* _GOAL OF THE EXERCISE_: From the line containing "Triângulo A B" to the line containing "Energielabel De Splitting 13 Haulerwijk" in the records below, set down every line exactly as it stands, both ends included, and skip the pictures.

* _DATA FOR ANALYSIS_:
.....
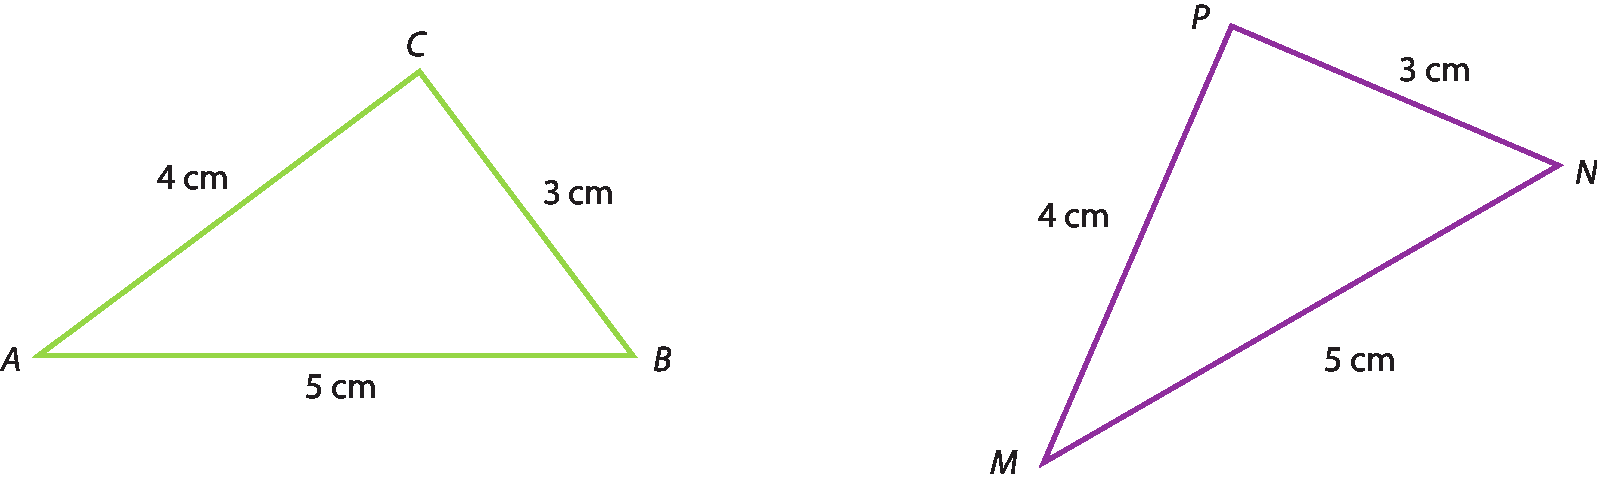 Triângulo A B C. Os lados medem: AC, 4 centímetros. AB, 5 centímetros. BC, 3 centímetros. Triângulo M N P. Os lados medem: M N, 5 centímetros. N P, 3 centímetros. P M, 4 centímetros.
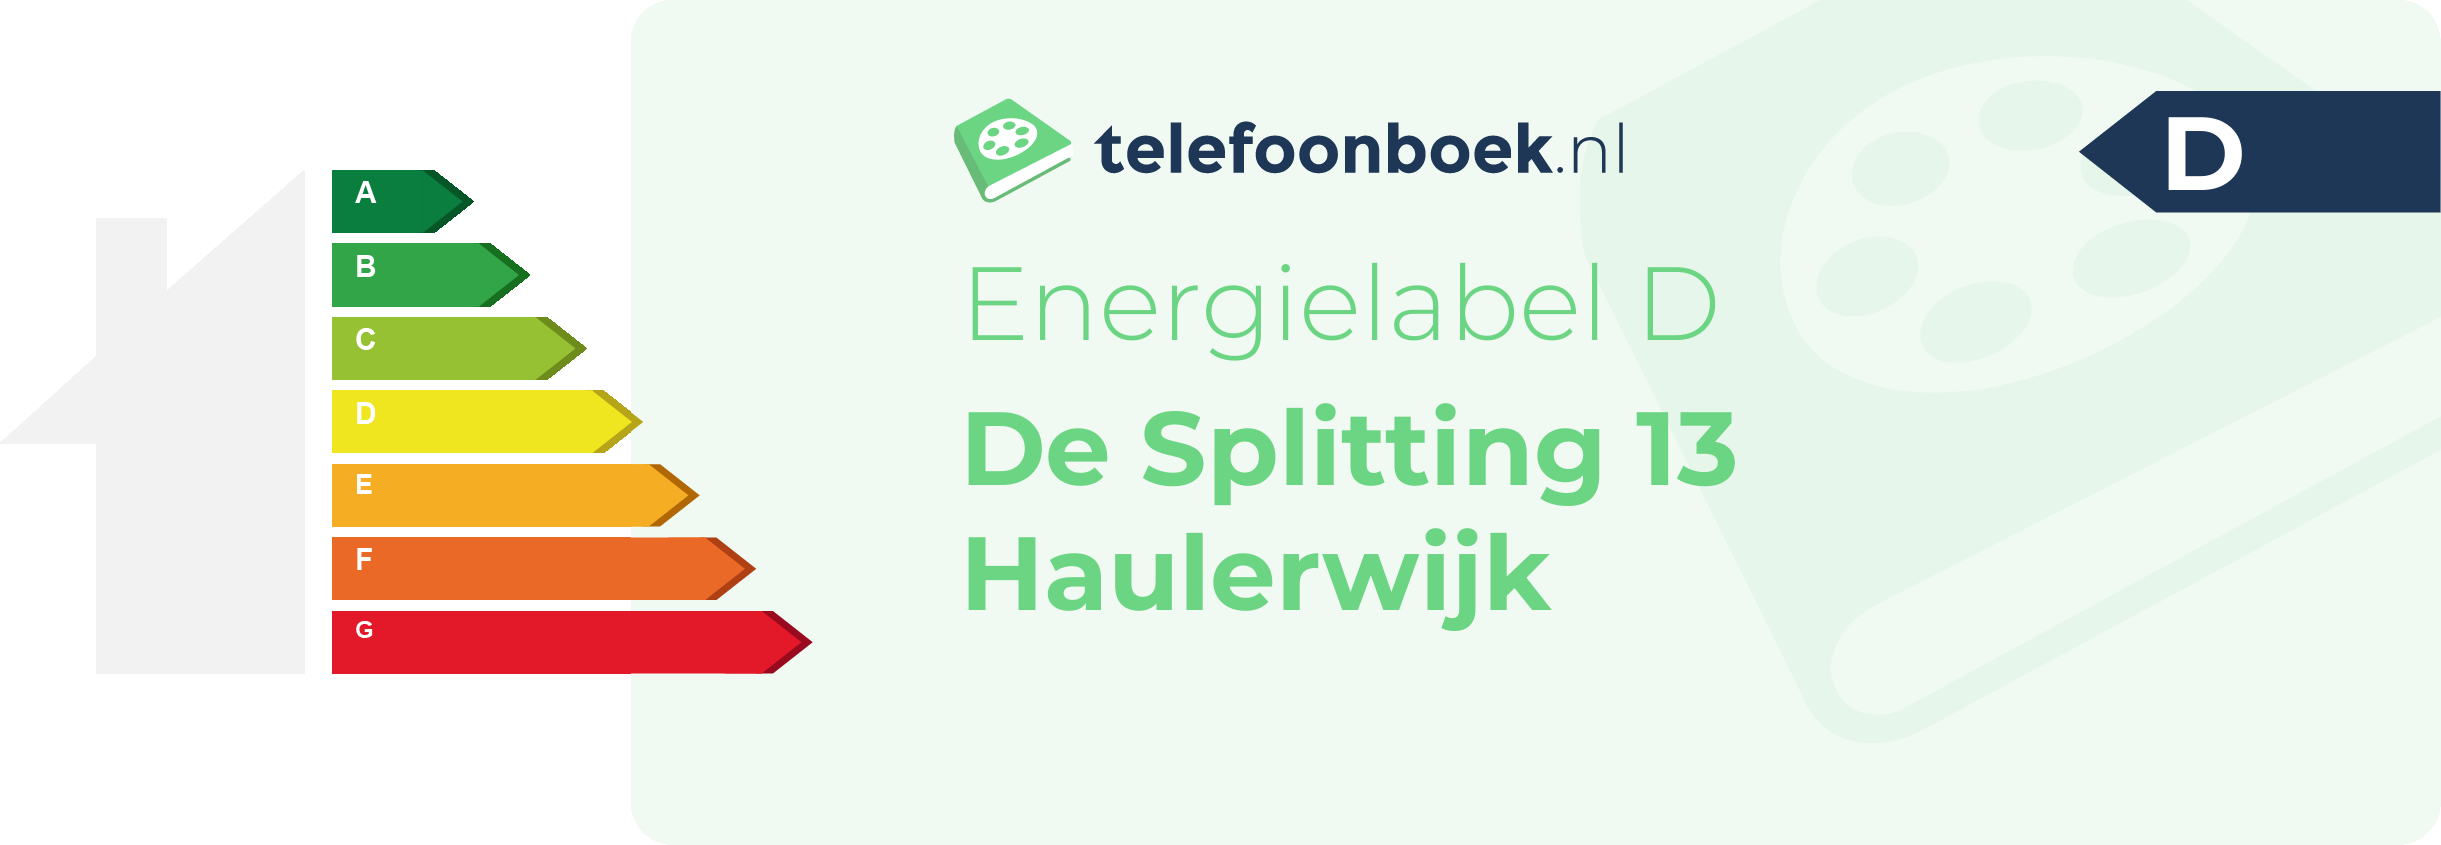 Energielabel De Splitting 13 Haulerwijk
.....
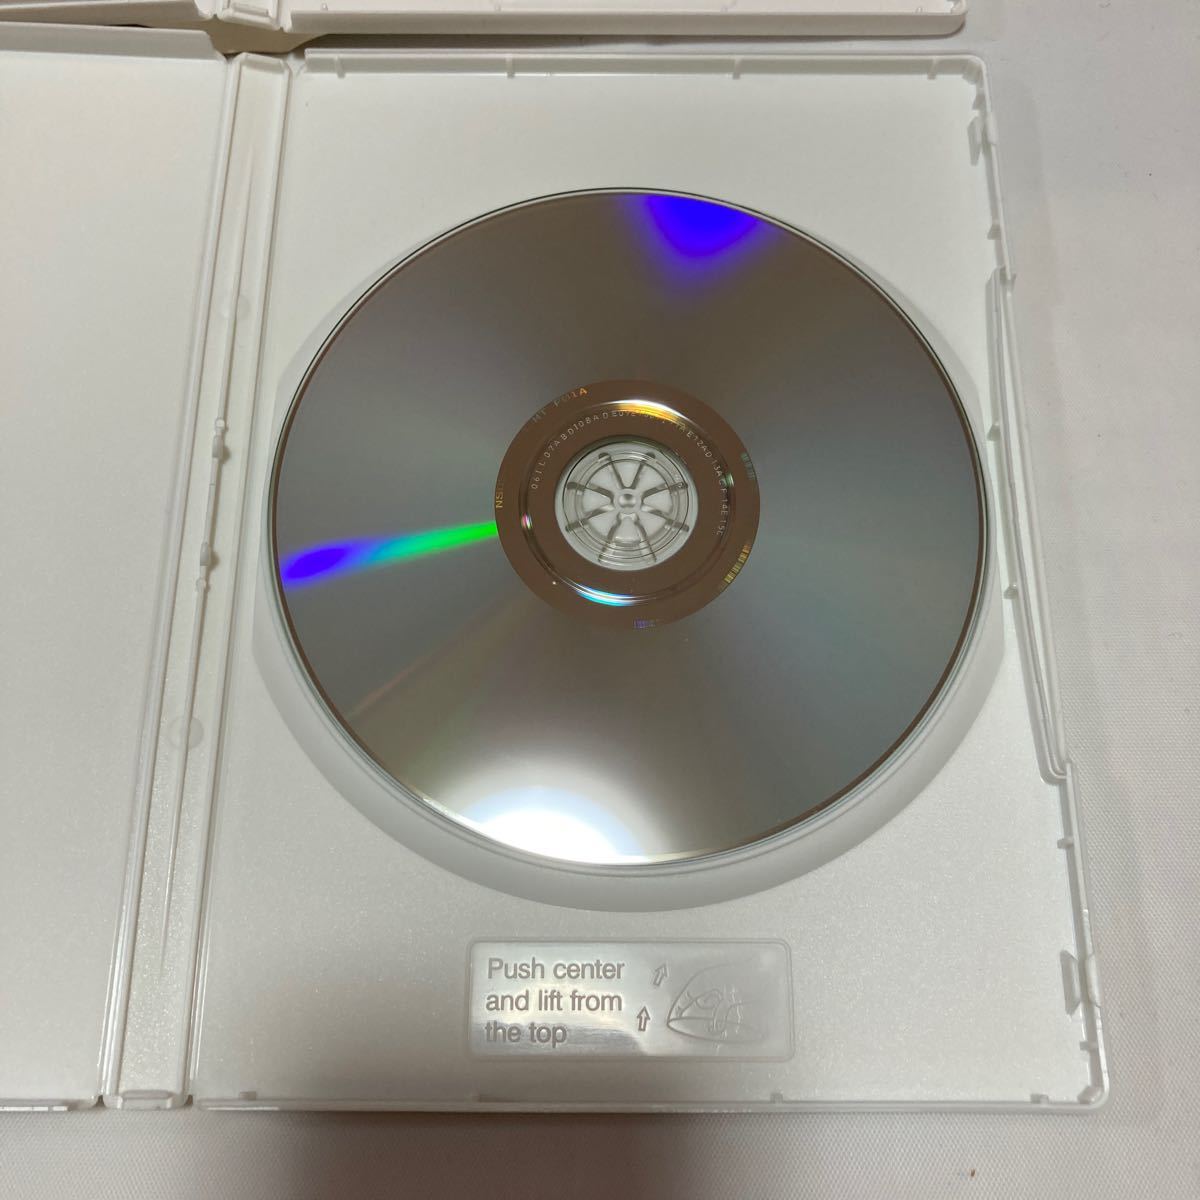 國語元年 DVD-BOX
.....
* _YOUR SOLUTION_:
 Triângulo A B C. Os lados medem: AC, 4 centímetros. AB, 5 centímetros. BC, 3 centímetros. Triângulo M N P. Os lados medem: M N, 5 centímetros. N P, 3 centímetros. P M, 4 centímetros.
 Energielabel De Splitting 13 Haulerwijk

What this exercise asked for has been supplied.